*What to do:* Repeat the listing exactly, minus the pictures.

*Data excerpt:*
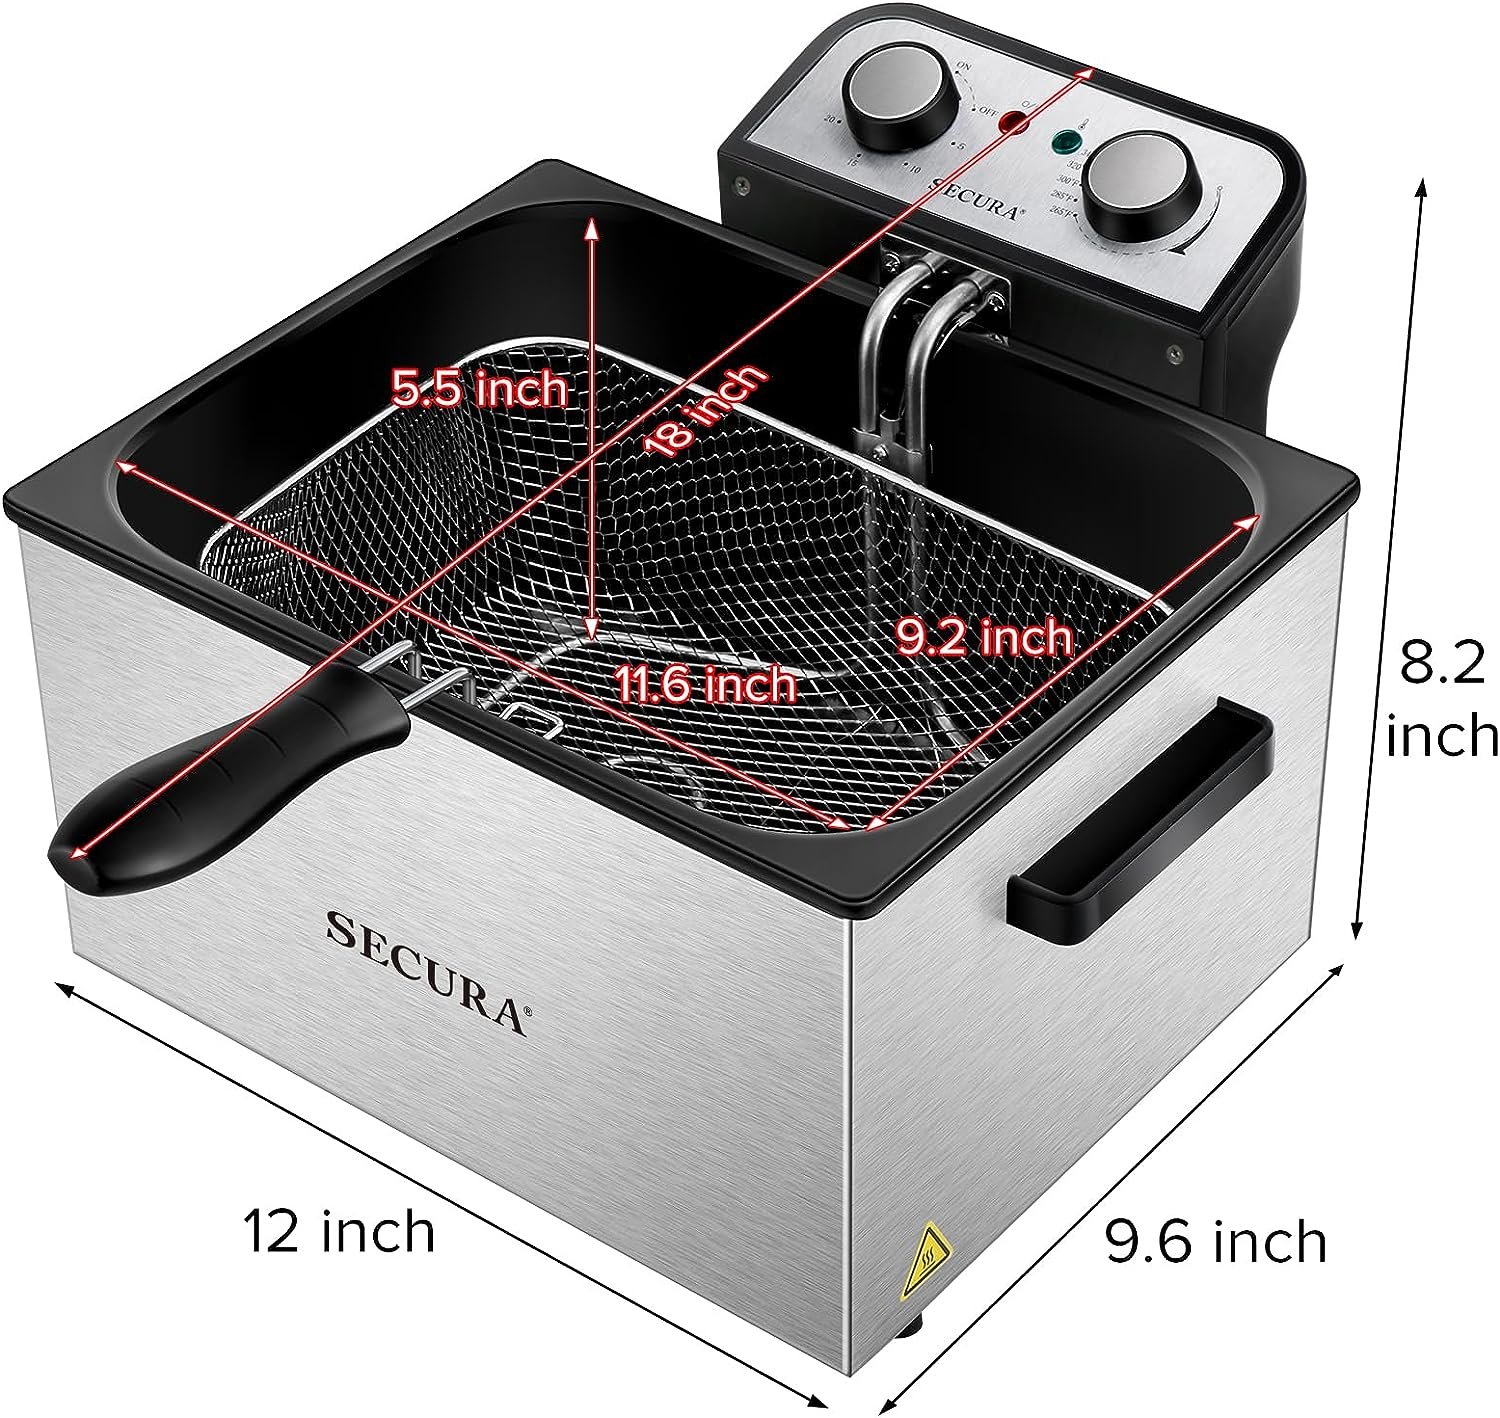 Secura Electric Deep Fryer 1800W-Watt Large 4.0L/4.2Qt Professional Grade Stainless Steel with Triple Basket and Timer,Gray
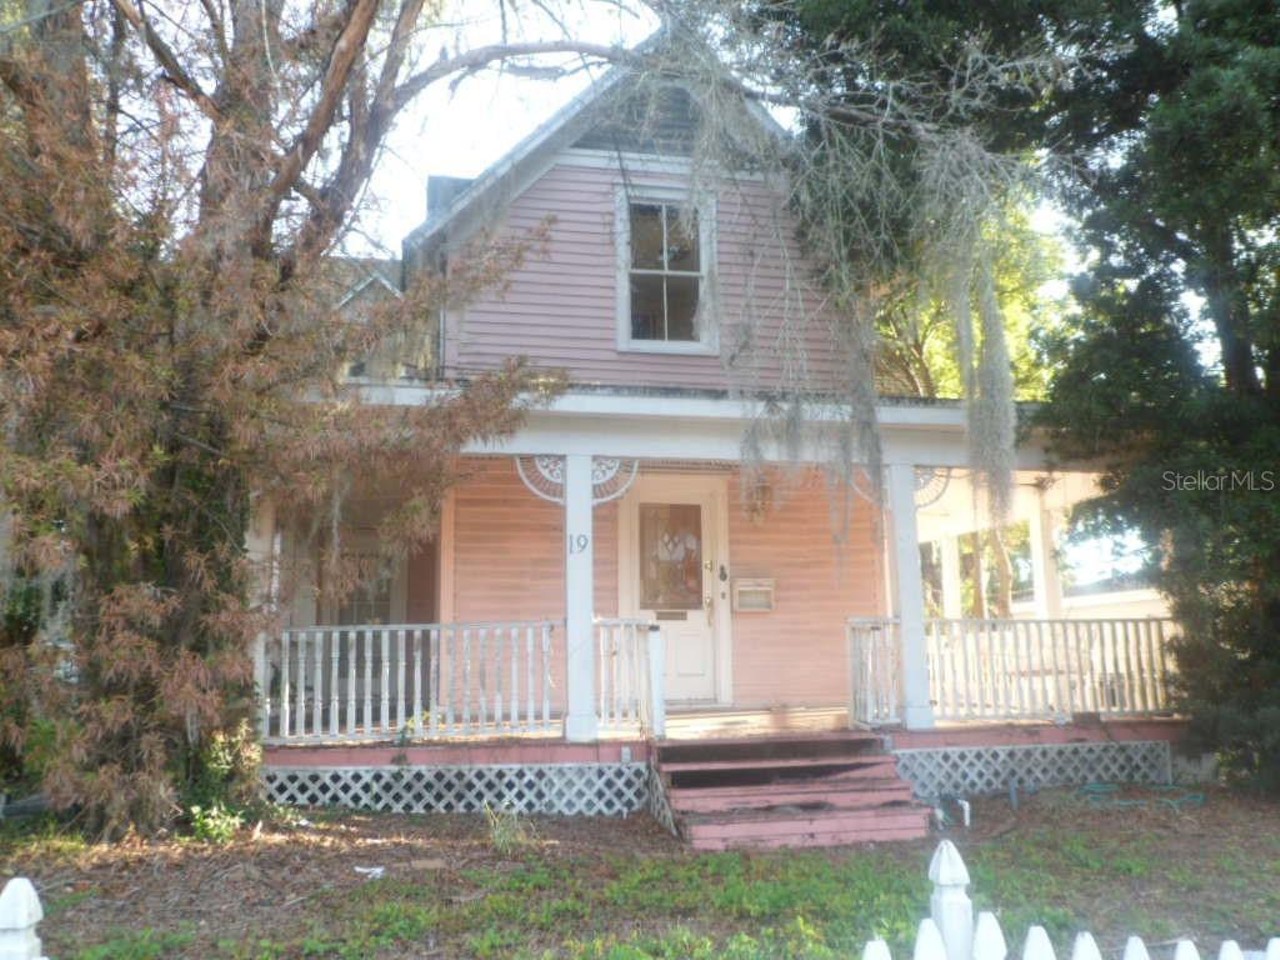 Let's take a tour of this 110-year-old house for sale in College Park
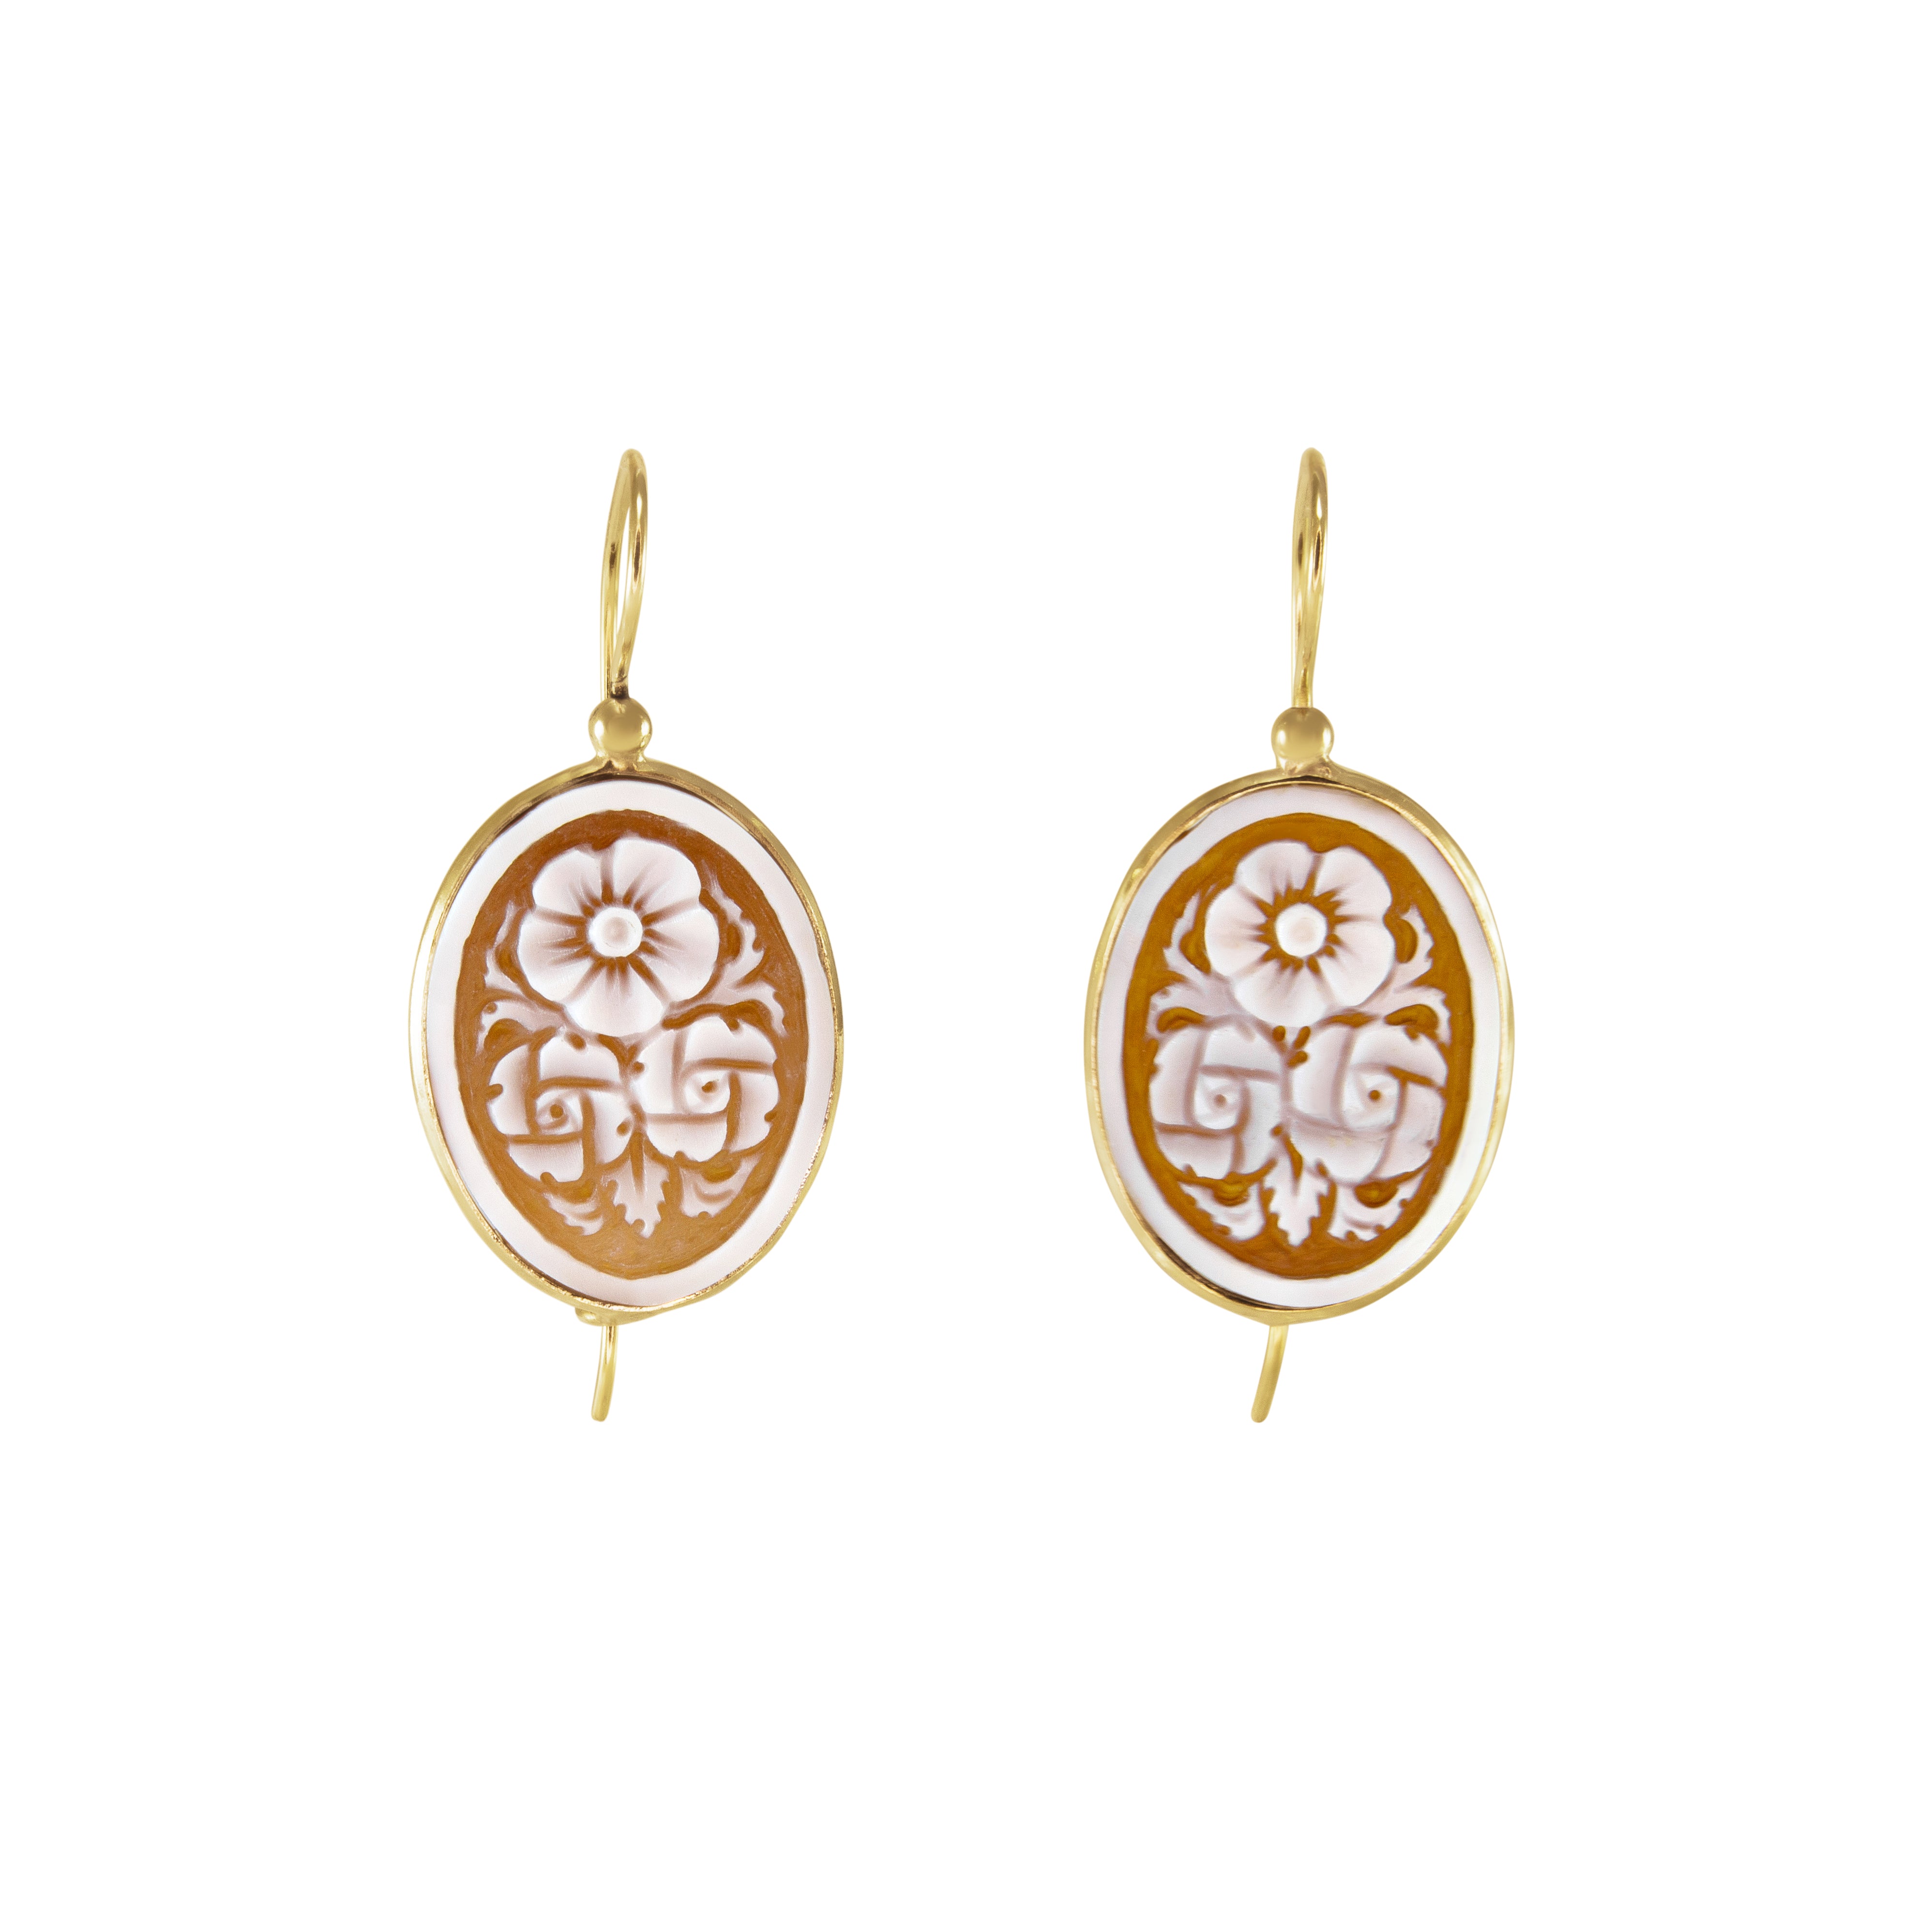 Small Oval Flower Cameo Earrings - Yellow Gold

*Answer for the task:*
 Secura Electric Deep Fryer 1800W-Watt Large 4.0L/4.2Qt Professional Grade Stainless Steel with Triple Basket and Timer,Gray
 Let's take a tour of this 110-year-old house for sale in College Park
 Small Oval Flower Cameo Earrings - Yellow Gold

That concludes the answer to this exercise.